__Exercise requirements__
Go through the listing below and repeat it exactly, omitting each picture.

__Given material__
★ ★ ★ ★ ★ ★ ★

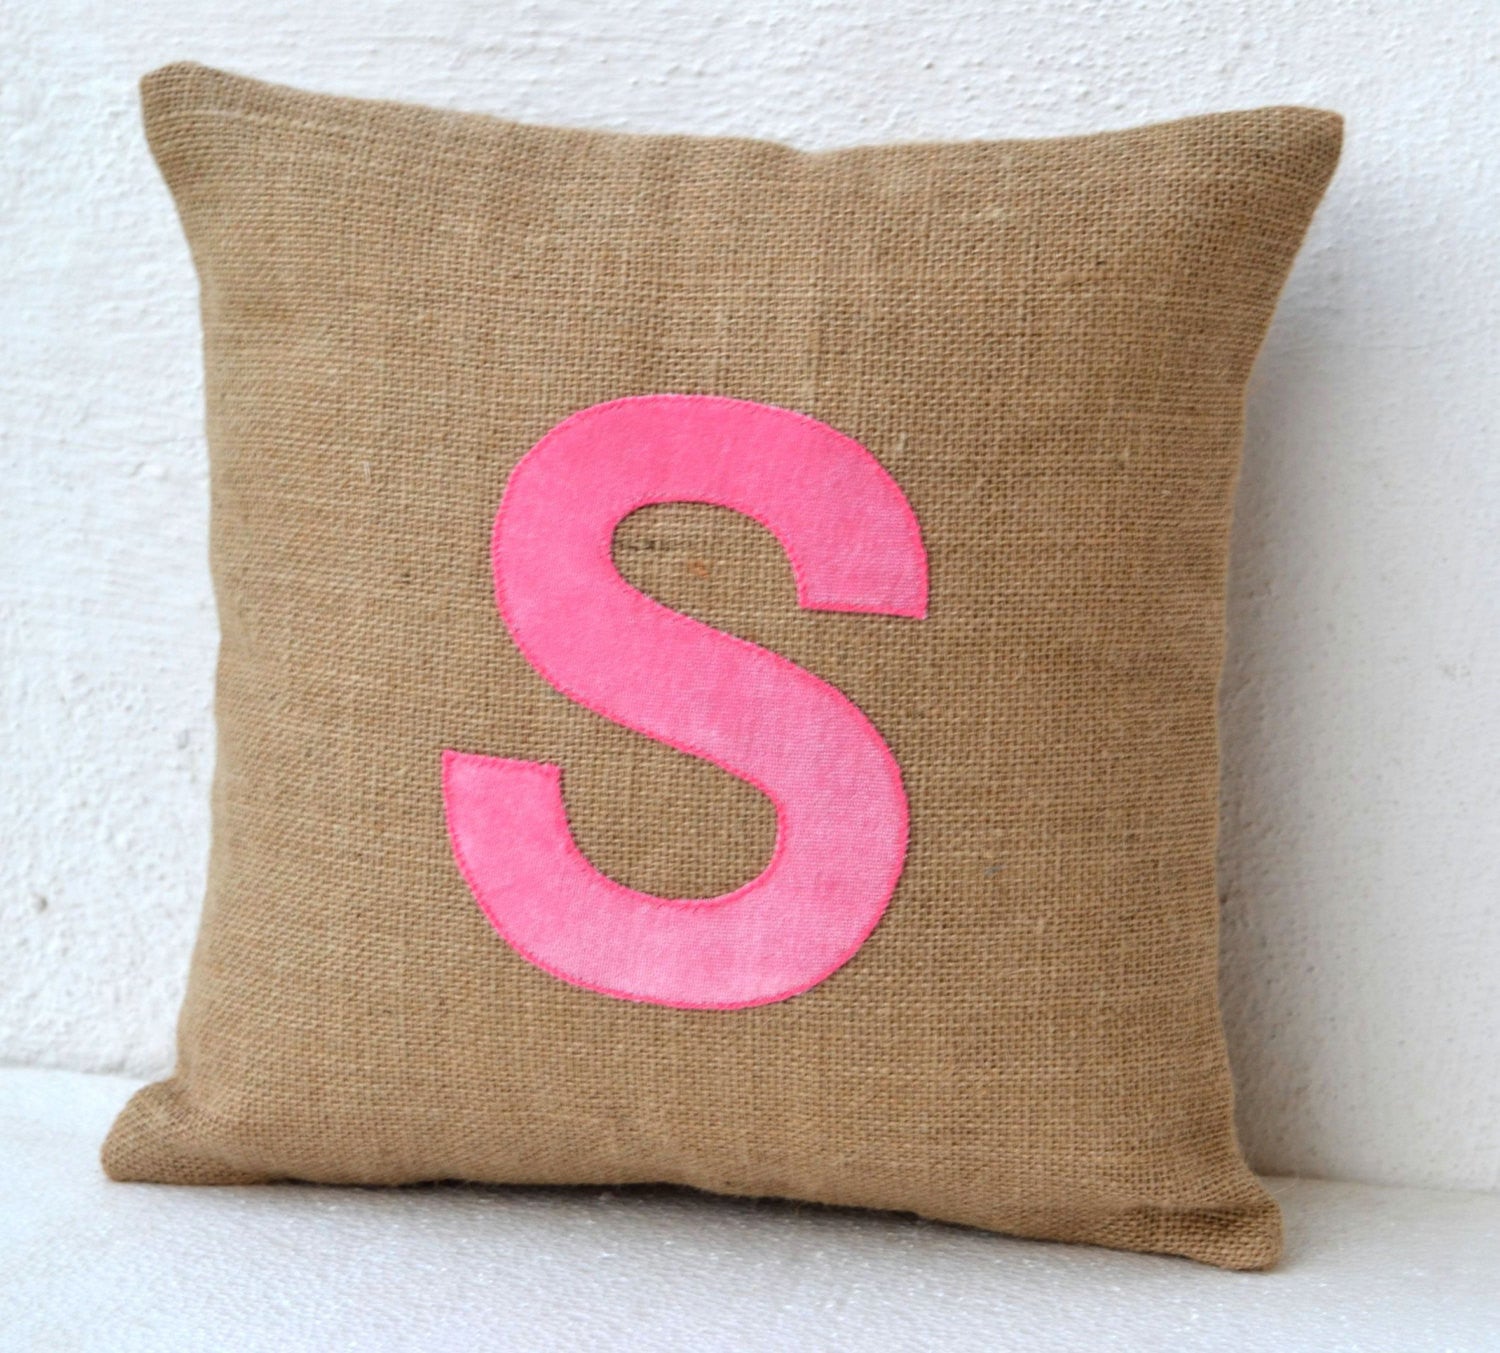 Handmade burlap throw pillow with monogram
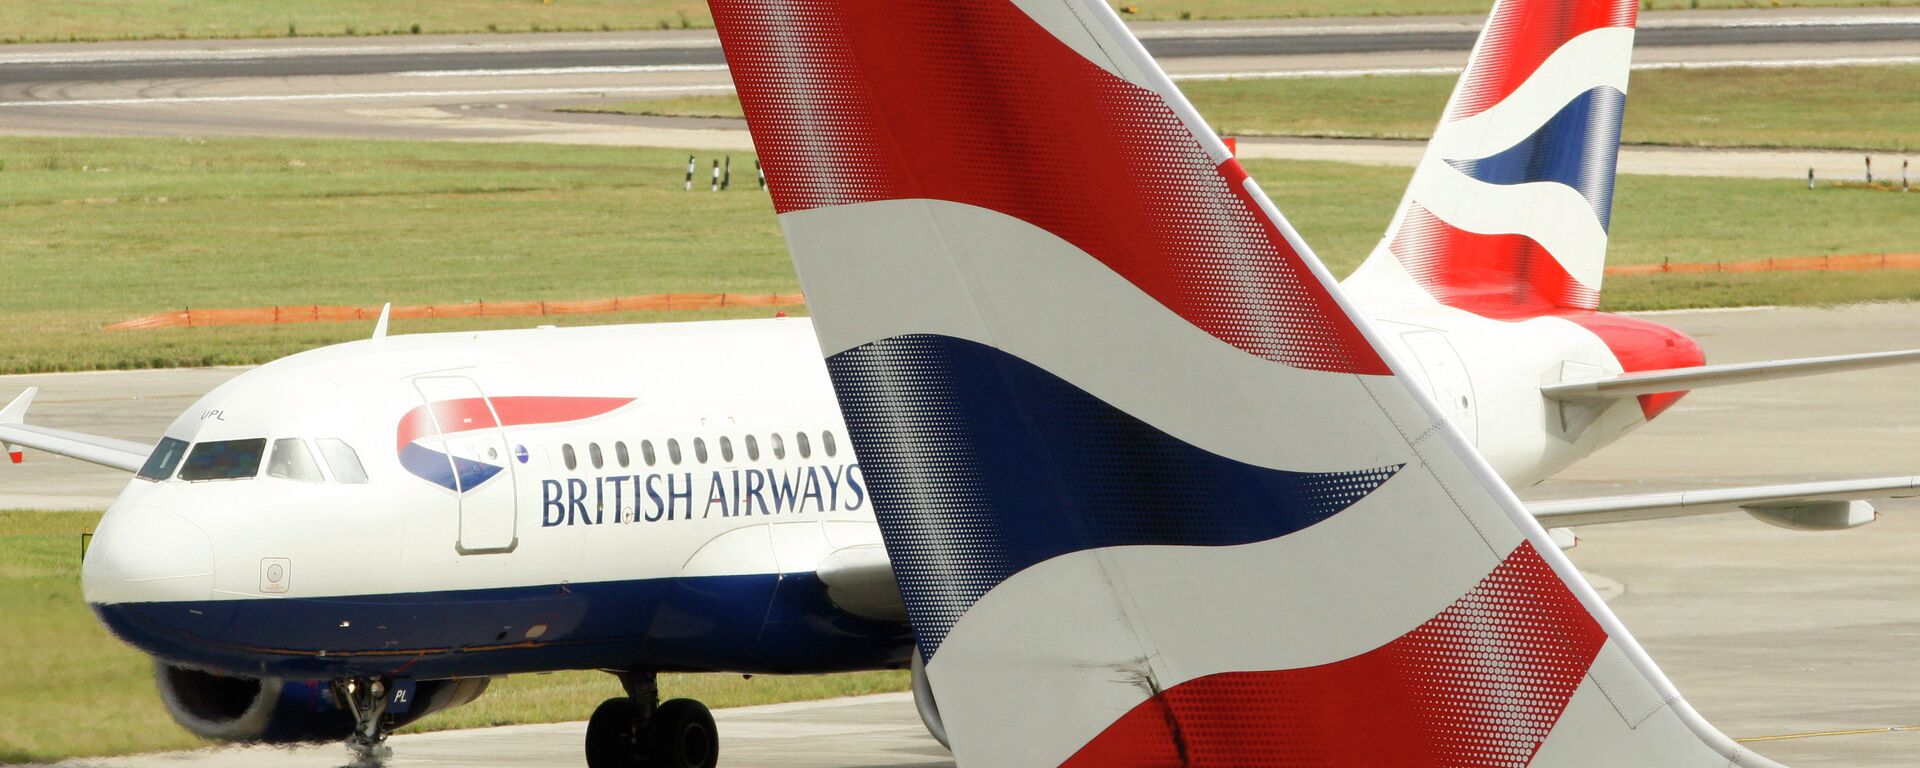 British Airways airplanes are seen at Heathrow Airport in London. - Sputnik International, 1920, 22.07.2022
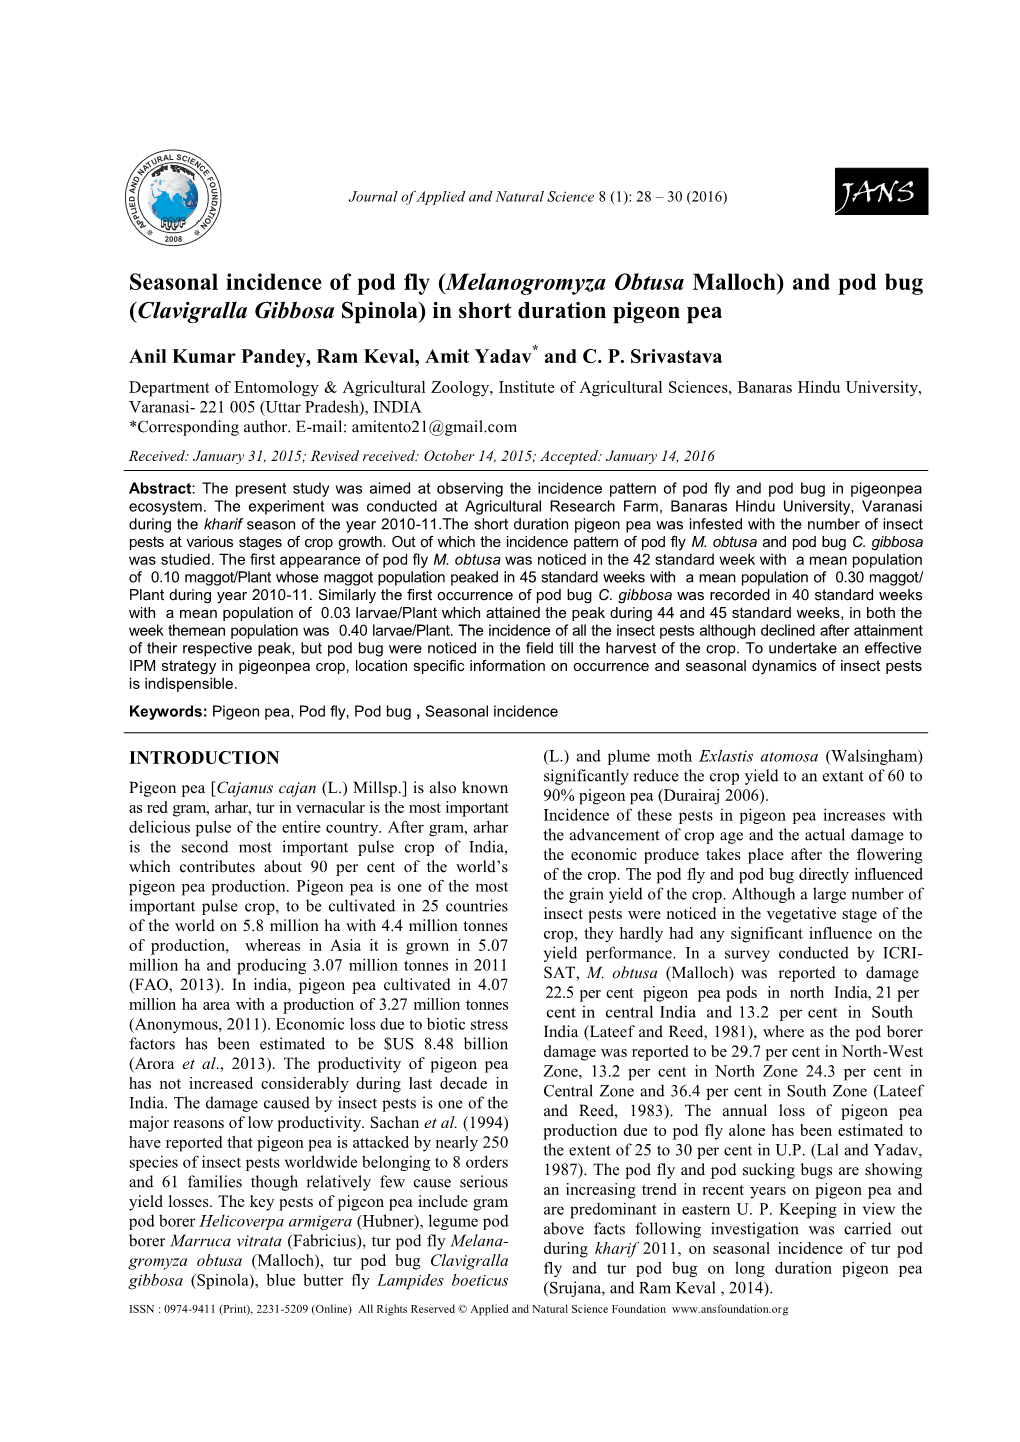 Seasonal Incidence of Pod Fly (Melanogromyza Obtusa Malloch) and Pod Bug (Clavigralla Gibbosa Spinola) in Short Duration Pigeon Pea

★ ★ ★ ★ ★ ★ ★

__Answer for the task__
 Handmade burlap throw pillow with monogram
 British Airways airplanes are seen at Heathrow Airport in London. - Sputnik International, 1920, 22.07.2022
 Seasonal Incidence of Pod Fly (Melanogromyza Obtusa Malloch) and Pod Bug (Clavigralla Gibbosa Spinola) in Short Duration Pigeon Pea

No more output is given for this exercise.